Nuclei with stable ground state deformation have the most bound at equilibrium shape that is deformed. The difference between binding energies of such nuclei in deformed and spherical shapes is the deformation energy ${\mathcal{E}}_{\mathrm{def}}$ [45], [46], [47]. Note that values of ${\mathcal{E}}_{\mathrm{def}}$ are close to 5–10 MeV for well-deformed heavy nuclei [45], [46], [47]. If deformed parent and daughter nuclei are considered as spherical, then the energy balance of $\mathrm{\alpha }$-decay should take into account the variation of the deformation energy. This strongly affects the condition of $\mathrm{\alpha }$-emission, because the $\mathrm{\alpha }$-decay half-life is very sensitive to the variation of the energy released in an $\mathrm{\alpha }$-transition.

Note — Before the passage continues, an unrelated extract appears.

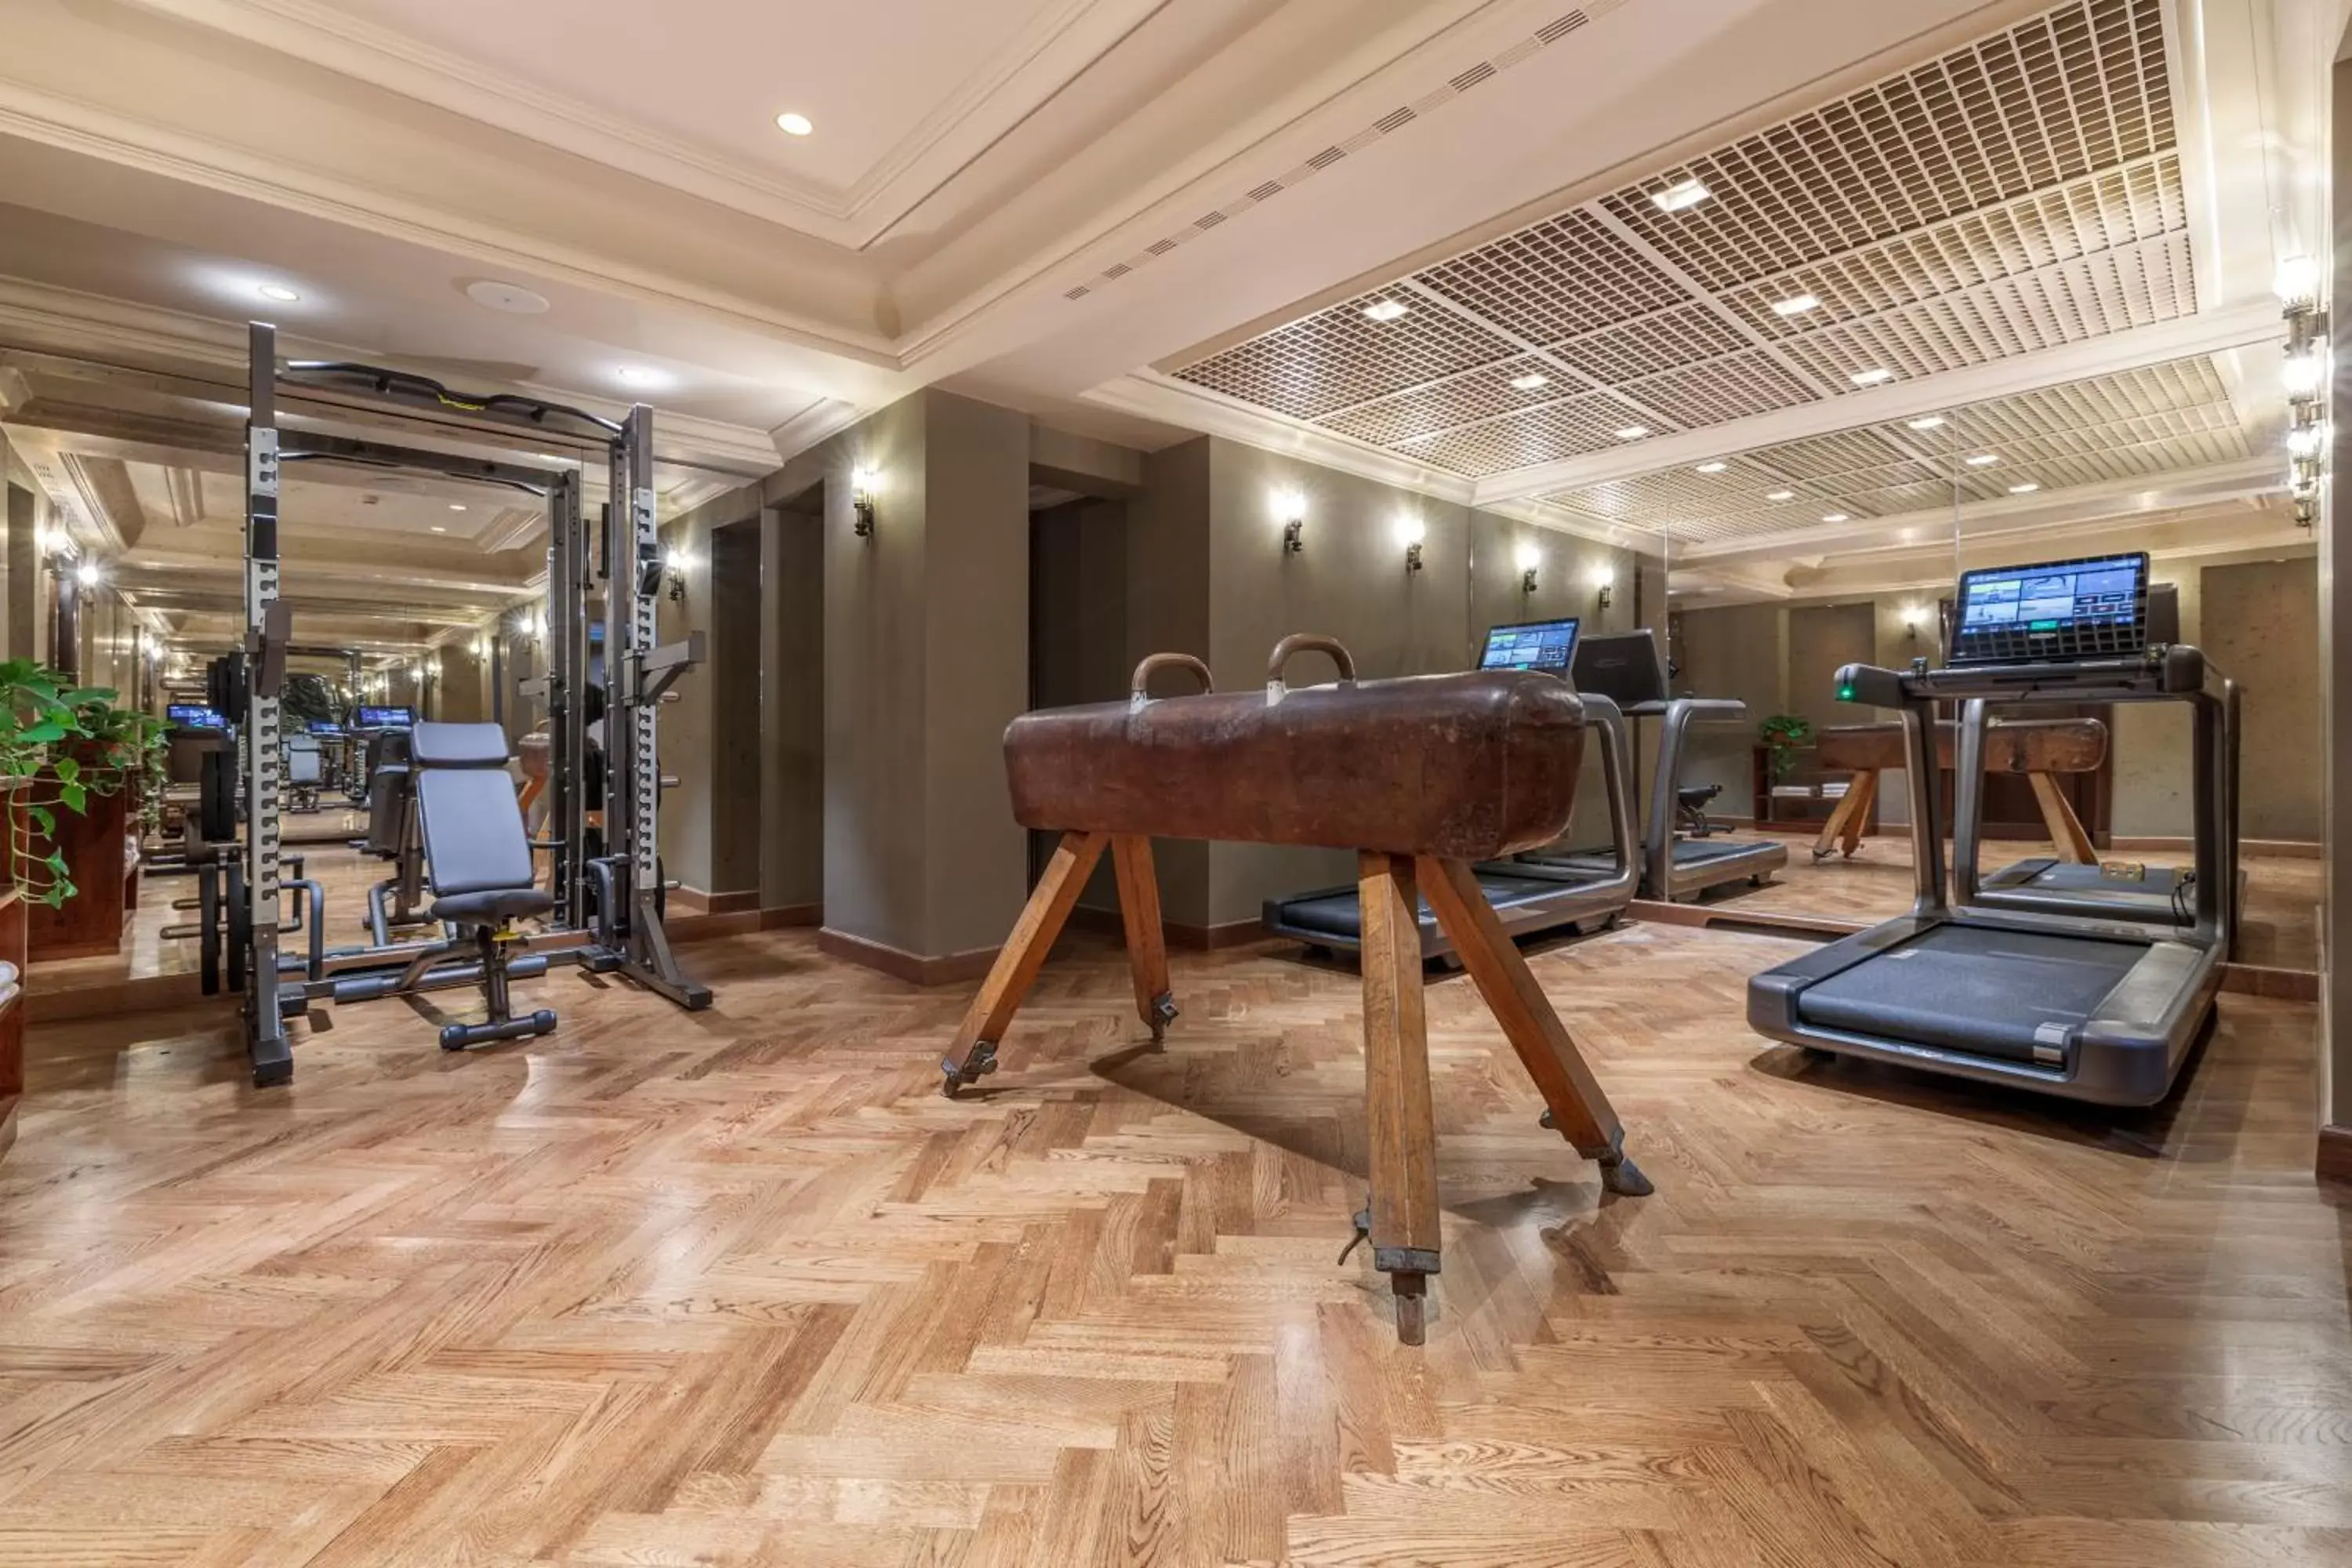 Fitness centre/facilities, Fitness Center/Facilities in Hotel Locarno

The interaction potential between an $\mathrm{\alpha }$-particle and nucleus consists of nuclear, Coulomb, and centrifugal parts. The nuclear and Coulomb parts are taken into account in the evaluation of the $\mathrm{\alpha }$-decay half-lives and $\mathrm{\alpha }$-capture cross sections in Ref. [29]. However the centrifugal part of the $\mathrm{\alpha }$-nucleus potential is exactly accounted for in evaluation of $\mathrm{\alpha }$-capture cross sections and ignored in calculation of $\mathrm{\alpha }$-decay half-lives [29], because the spins and parities of the parent and daughter nuclei as well as angular momentum of the $\mathrm{\alpha }$-transitions are neglected. Nevertheless, $\mathrm{\alpha }$-transitions between ground states of even–odd, odd–even, and odd–odd nuclei occur at non-zero values of angular momentum of the $\mathrm{\alpha }$-particle when the spins and/or parities of the parent and daughter nuclei are different. As a result, the centrifugal potential distinctly contributes to the total $\mathrm{\alpha }$-nucleus potential at small distances between the daughter nucleus and the $\mathrm{\alpha }$-particle. The $\mathrm{\alpha }$-decay half-life depends exponentially on the interaction, which is very sensitive to the $\mathrm{\alpha }$-nucleus potential. Therefore accurate consideration of the $\mathrm{\alpha }$-transitions should take into account the spins and parities of the parent and daughter nuclei and the angular momentum of the emitted $\mathrm{\alpha }$-particle [16], [20].

Experimental values and theoretical estimates of the ground-state spins and parities are known for many nuclei [8], [9]. Moreover the number of nuclei with known values of ground-state spin and parity is always being extended. Therefore we re-evaluate the $\mathrm{\alpha }$-nucleus interaction potential using available updated data for $\mathrm{\alpha }$-decay half-lives, the spins and parities of the ground-states of parent and daughter nuclei and $\mathrm{\alpha }$-capture reaction cross sections. Due to this, our approach becomes more accurate.

Our unified model for $\mathrm{\alpha }$-decay and $\mathrm{\alpha }$-capture (UMADAC) is briefly discussed in Section 2. The selection of adjustable parameters and discussion of the results are given in Section 3. Section 4 is dedicated to conclusions.